Metabolomics research currently confronts a problem associated with high-throughput data acquisition technologies including chromatography-coupled mass spectrometry (MS) and FT-ICR/MS which have facilitated simultaneous detection and quantification of a large number of metabolite-derived peaks without metabolite assignment [11]; a very similar situation has arisen in genomics research in that technologies for determination of the nucleotide sequence in the whole genome has progressed without annotations of gene functions [12]. Progress in annotation of metabolites in metabolomics can bridge the gap between the data and their biological interpretation. The problem with annotation of metabolites is that there is only a piece of information about peaks corresponding to precise molecular weight for metabolite-derived ions in MS, but when we measure quantities of ions in a time series experiment, metabolite-derived ions such as isotope ions and multivalent ions could be categorized by correlations between ions originated from identical metabolites, which can lead to more precise annotation of ions. Thus, correlation analysis of ions may be a powerful approach to annotation of metabolites in metabolomics.
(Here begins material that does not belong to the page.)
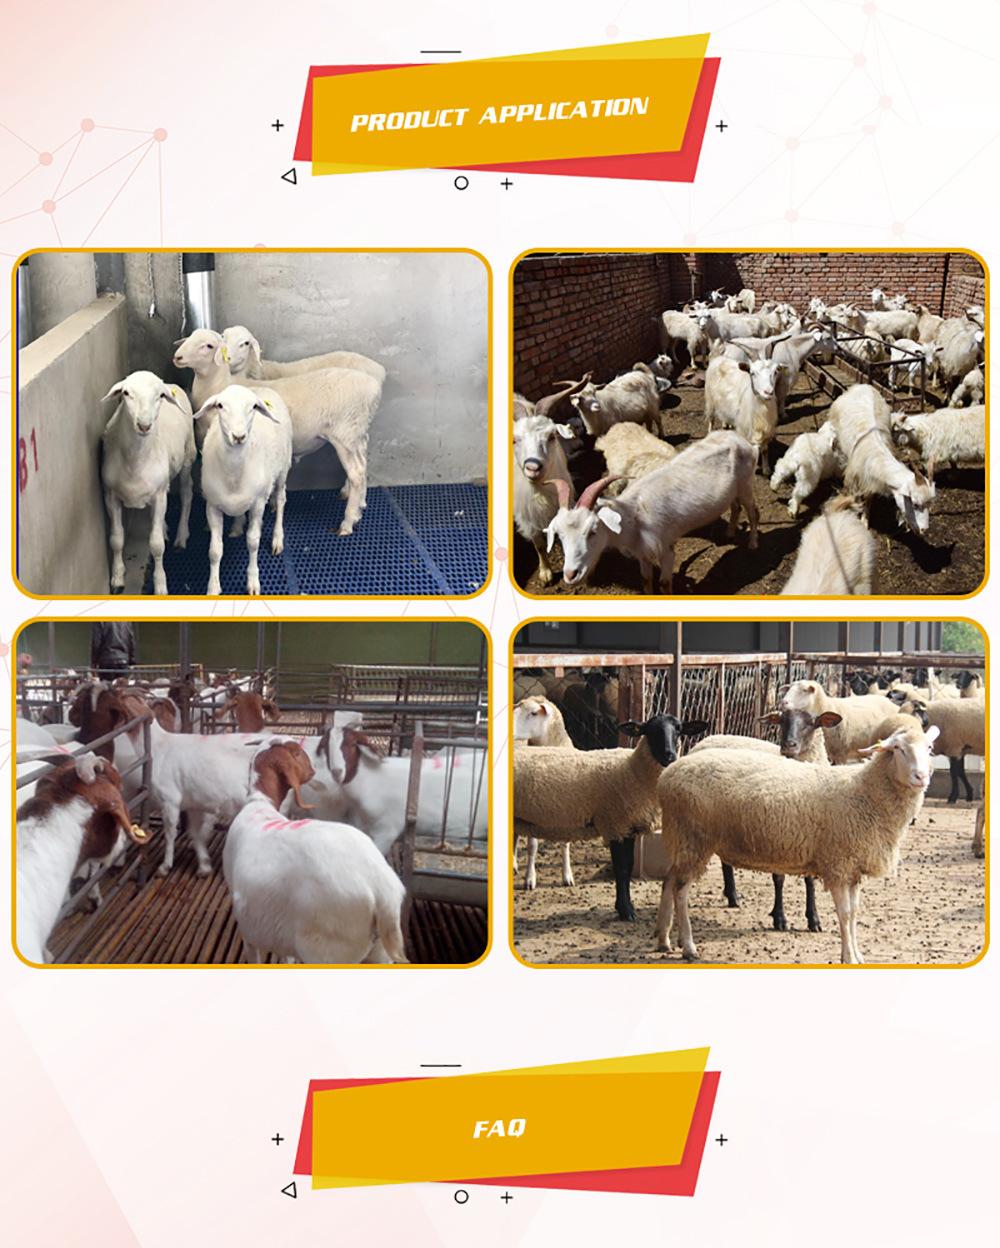 China-Made Agricultural Equipment Hot-DIP Galvanized Fence, Yard Fence, Cattle and Horse Fence, Panel Sheep Fence

In the present study, we propose a procedure for metabolite annotation using the data obtained from FT-ICR/MS by taking classification of metabolite-derived ions into consideration. Here, we perform the nontargeted comprehensive analysis of metabolomics for the time series measurements in Escherichia coli, and discuss a metabolic profiling scheme on the basis of FT-ICR/MS analyses furnished with a bioinformatics scheme including data preprocessing, classification of ions originated from identical metabolites, and supervised and unsupervised learning algorithms for metabolomics.

Experimental

Strains and growth conditions

The strain used in this study was E. coli K-12 W3110. An aliquot (8 ml) of an overnight liquid culture of W3110 in LB medium at 37 °C was inoculated into in 2 l LB (pH 7.4) medium in a 3-l jar fermenter. Cells were grown continuously at 37 °C for ca. 12 h, adjusting the agitation speed to 300 rpm with fixed 2 l min−1 air flow rate. Growth was monitored by measuring the optical density at 600 nm (OD600).

Sample preparation

A culture medium was passed through a 0.45-μm-pore-size filter (Durapore Membrane, Millipore). Residual E. coli cells on the filter were washed with Milli-Q water and then plunged into 2 ml methanol [13]. After sonication for 1 min, the methanol solution was kept at 4 °C for ca. 20 h. The solution was then filtered through disposable membrane filter units (DISMIC-13JP, ADVANTEC), evaporated, and stored at −80 °C until use. Upon FT-ICR/MS analysis, the extracts were dissolved in 50% (v/v) acetonitrile/water. A set of 2,4-dichlorophenoxy acetic acid ([M−H] = 218.96212), ampicillin ([M−H] = 348.10235), 3-[(3-cholamidopropyl)dimethylammonio]propanesulfonic acid ([M−H] = 613.38920), and tetra-N-acetylchitotetraose ([M−H] = 829.32078) were used as the internal mass calibrants (IMCs) in the negative ion mode analysis.

FT-ICR/MS conditions

Mass analysis was done in the negative ion mode using an IonSpec Explorer FT-ICR/MS (IonSpec) equipped with a 7-T actively shielded superconducting magnet. Ions were generated from an ESI source with a fused silica needle of 0.005-inch i.d. Samples were infused using a Harvard syringe pump model 22 at a flow rate of 0.5 to 1.0 μl min−1 through a 100-μl Hamilton syringe. All the experimental events were controlled using Omega8 software (IonSpec). Briefly, the potentials on the electrospray emitters were set to −3.0 kV for the negative electrosprays. The base pressure in the source region was approximately 5 × 10−5 torr (1 torr = 133.3 Pa). For the negative electrosprays, sample solutions were prepared in 50% (v/v) acetonitrile/water with 0.1% (v/v) of ammonium hydroxide. Ionized metabolites were accumulated for a period of 2,500–5,000 ms in a hexapole ion trap/guide and transferred through a radiofrequency-only quadrupole into the FT-ICR cell in the superconducting magnetic field, where they were again trapped. The direct current potentials in the negative ion mode analyses were 2 V during the ion accumulation and −2 V for the ion transfer into the FT-ICR cell. These ions trapped in the hexapole were extracted for transfer into the FT-ICR cell. In the negative ion modes, the potentials on the extraction plate were −12 V during the ion trapping and were reversed to 2 V for the extraction. The base pressure in the analyzer region was set to approximately 4 × 10−10 torr. ESI-MS spectra were acquired over the m/z range 55–1,000 from 1,024,000 independent data points. MS/MS analyses were done using the sustained off-resonance irradiation SORI-CID methods [14, 15]. SORI Rf was set at 0.5–1.5 V, and the N2 collision gas was used with a 400-ms pulse.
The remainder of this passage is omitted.